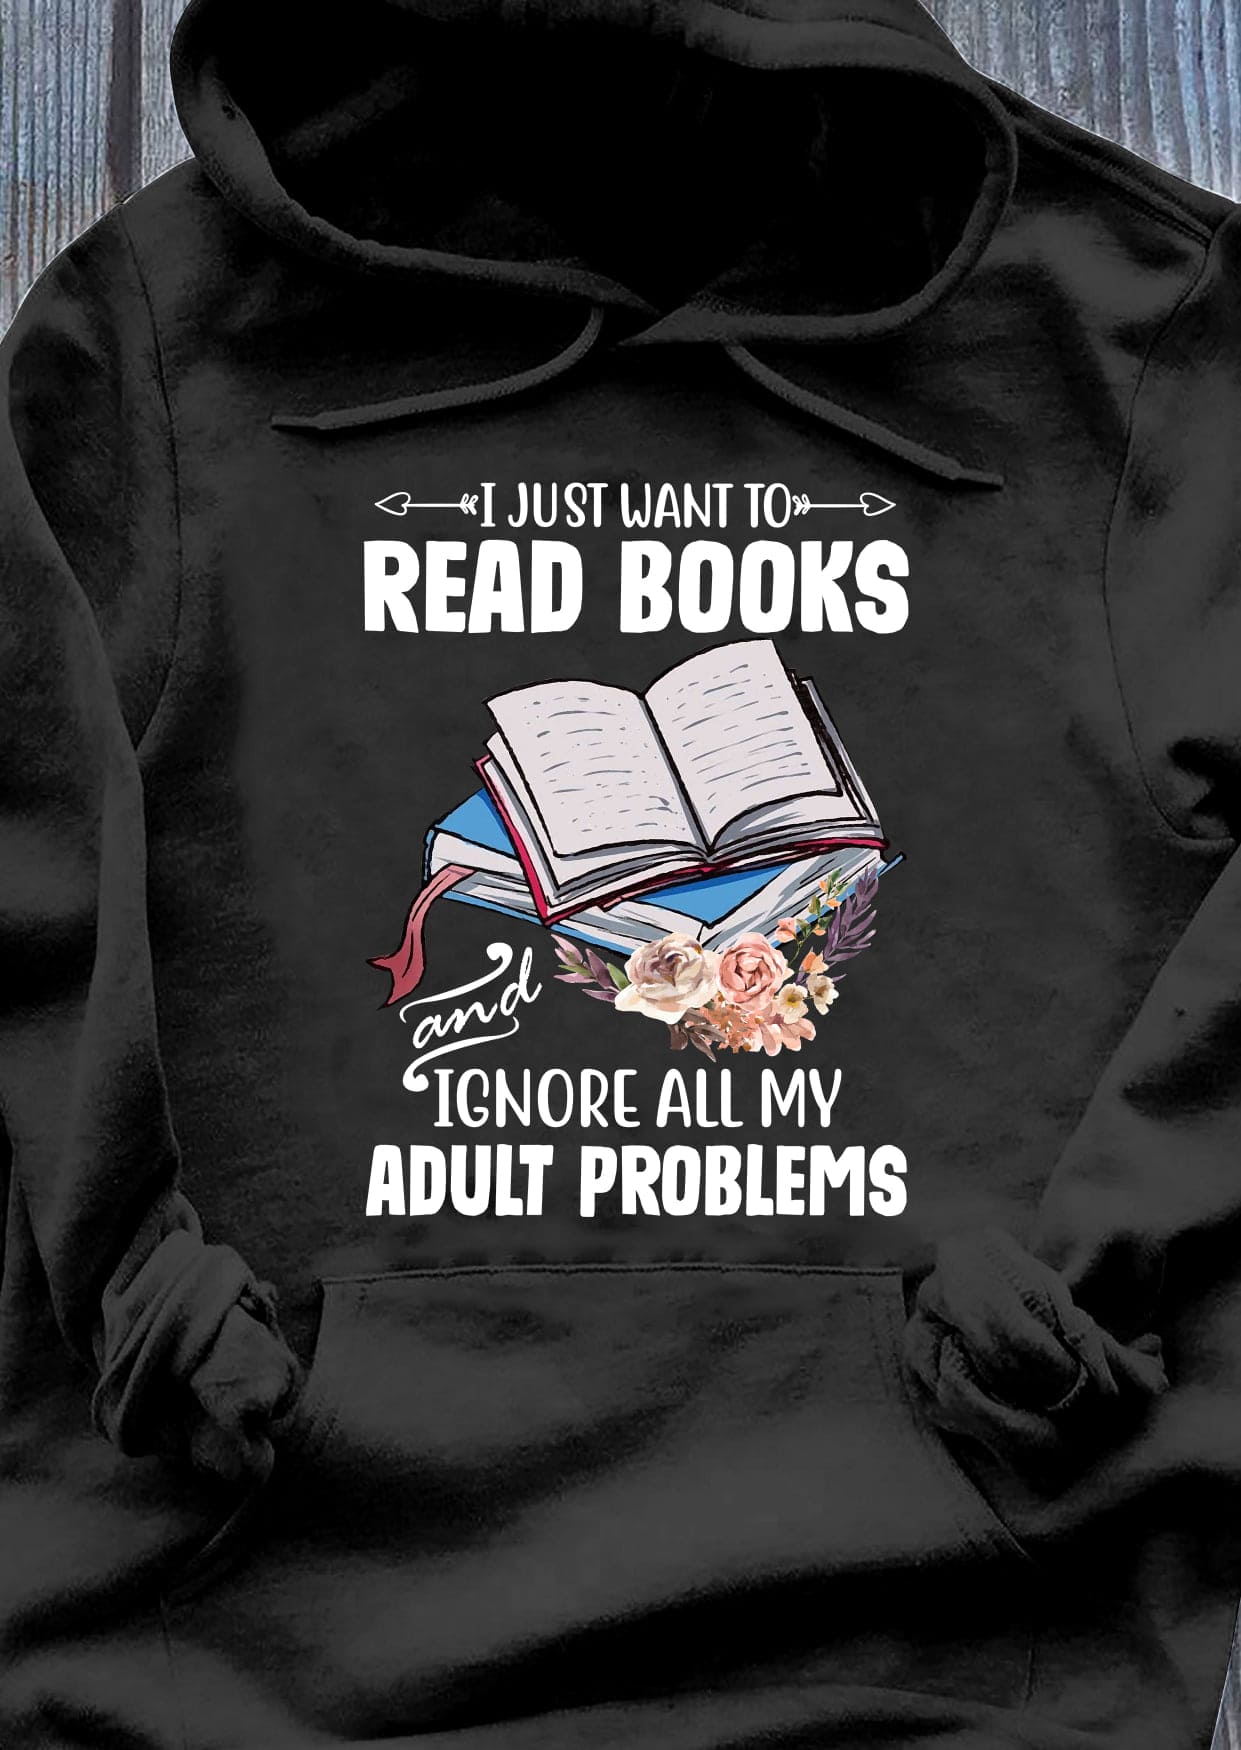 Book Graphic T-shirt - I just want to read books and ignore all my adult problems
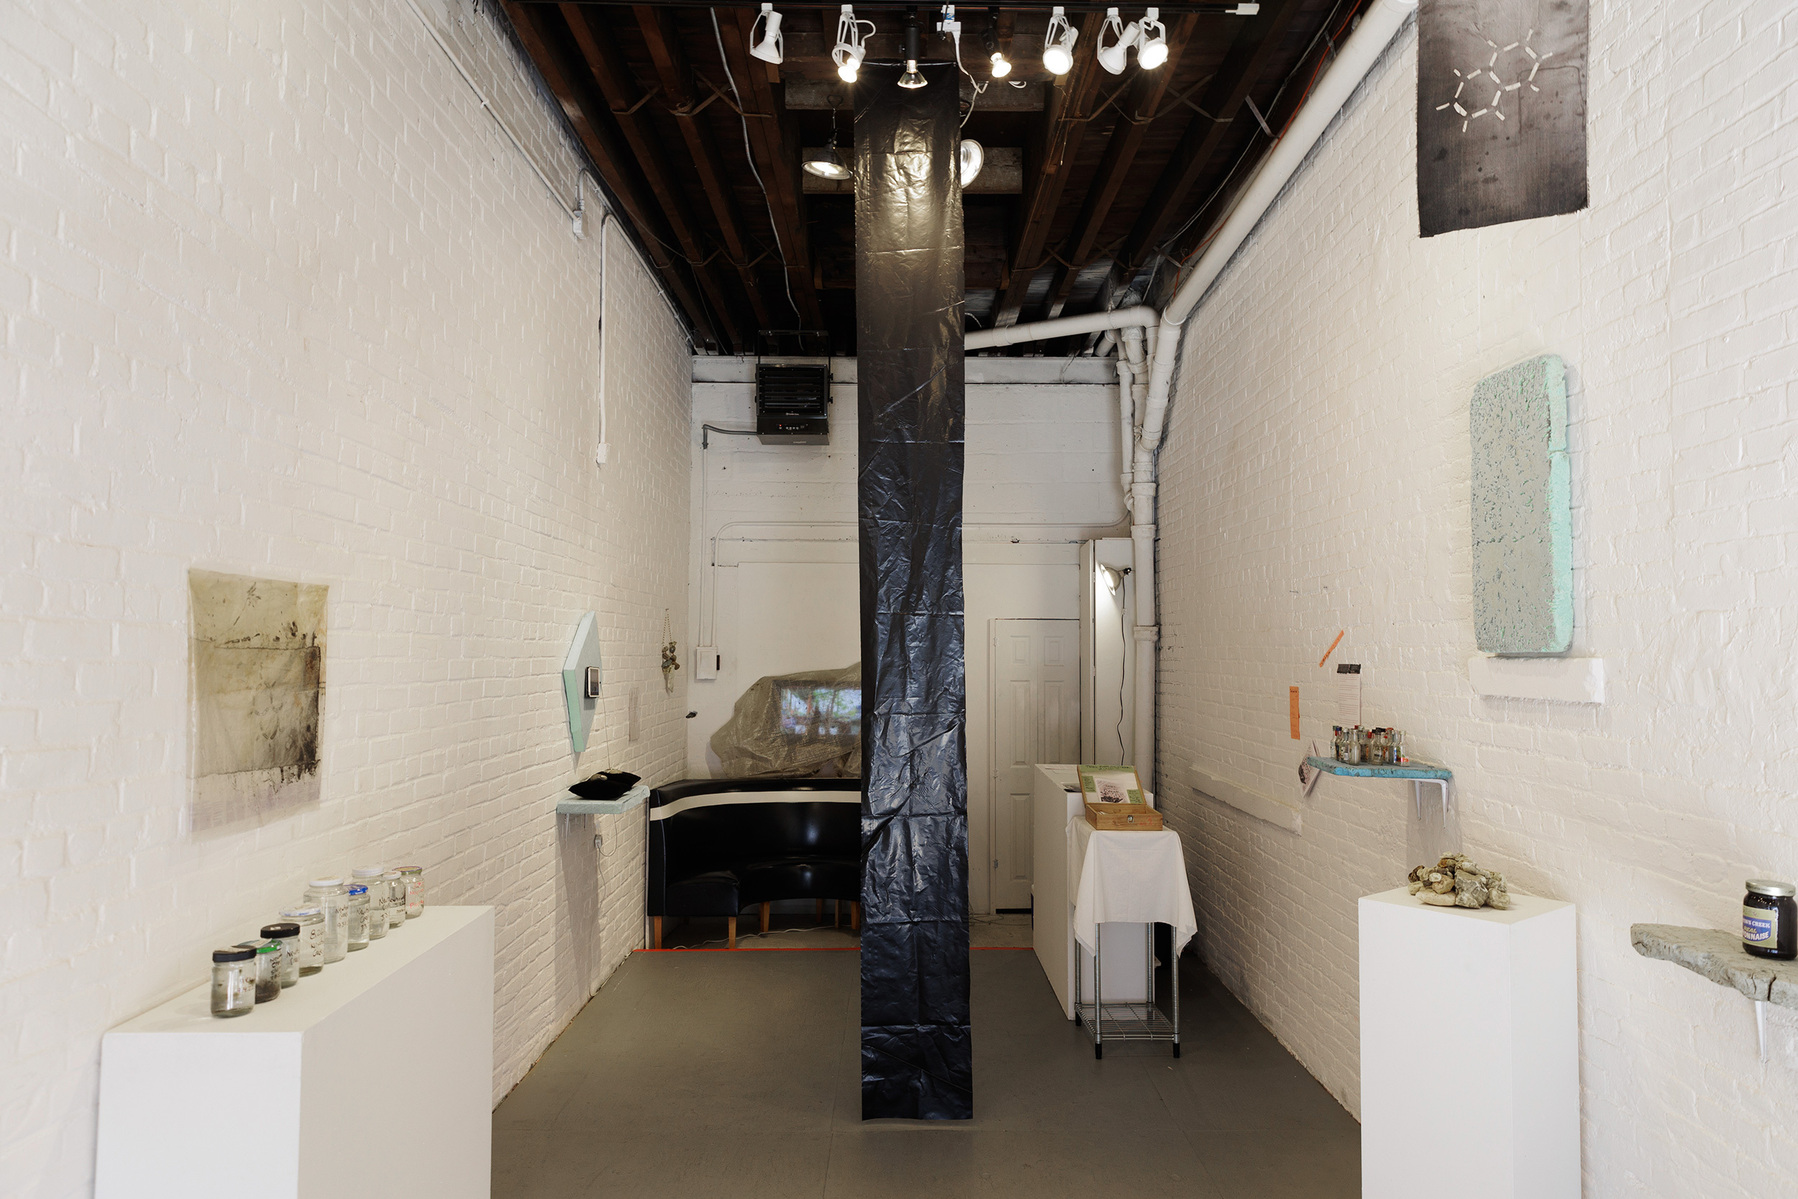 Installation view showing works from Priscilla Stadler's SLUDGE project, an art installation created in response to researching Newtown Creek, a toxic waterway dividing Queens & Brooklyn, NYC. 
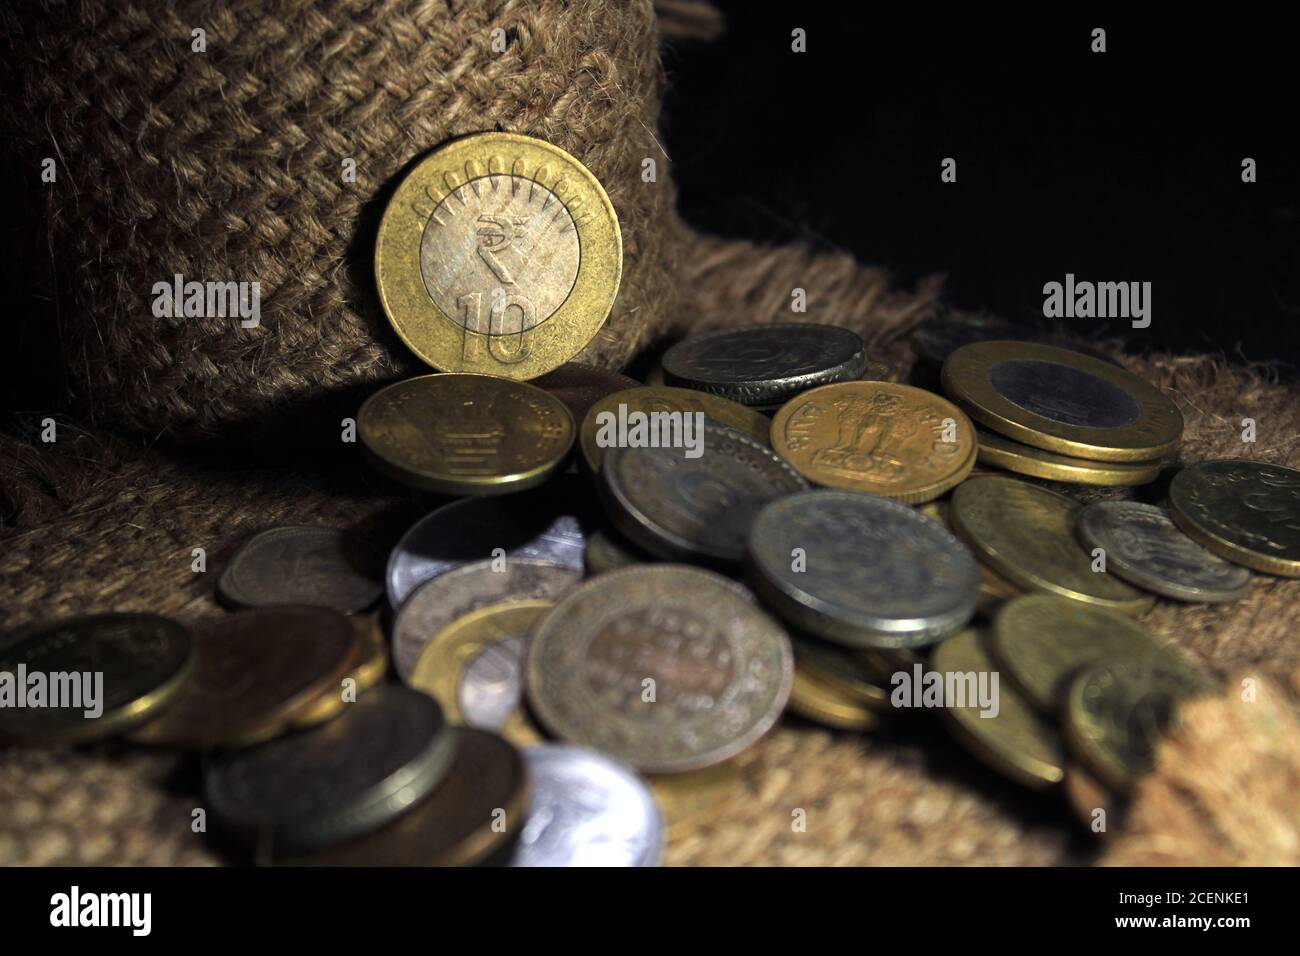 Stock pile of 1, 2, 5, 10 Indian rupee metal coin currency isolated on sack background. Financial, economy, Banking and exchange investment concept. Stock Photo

================

### Try it
Output the listing above exactly, pictures omitted.

### Response box
 Book Graphic T-shirt - I just want to read books and ignore all my adult problems
 Installation view showing works from Priscilla Stadler's SLUDGE project, an art installation created in response to researching Newtown Creek, a toxic waterway dividing Queens & Brooklyn, NYC. 
 Stock pile of 1, 2, 5, 10 Indian rupee metal coin currency isolated on sack background. Financial, economy, Banking and exchange investment concept. Stock Photo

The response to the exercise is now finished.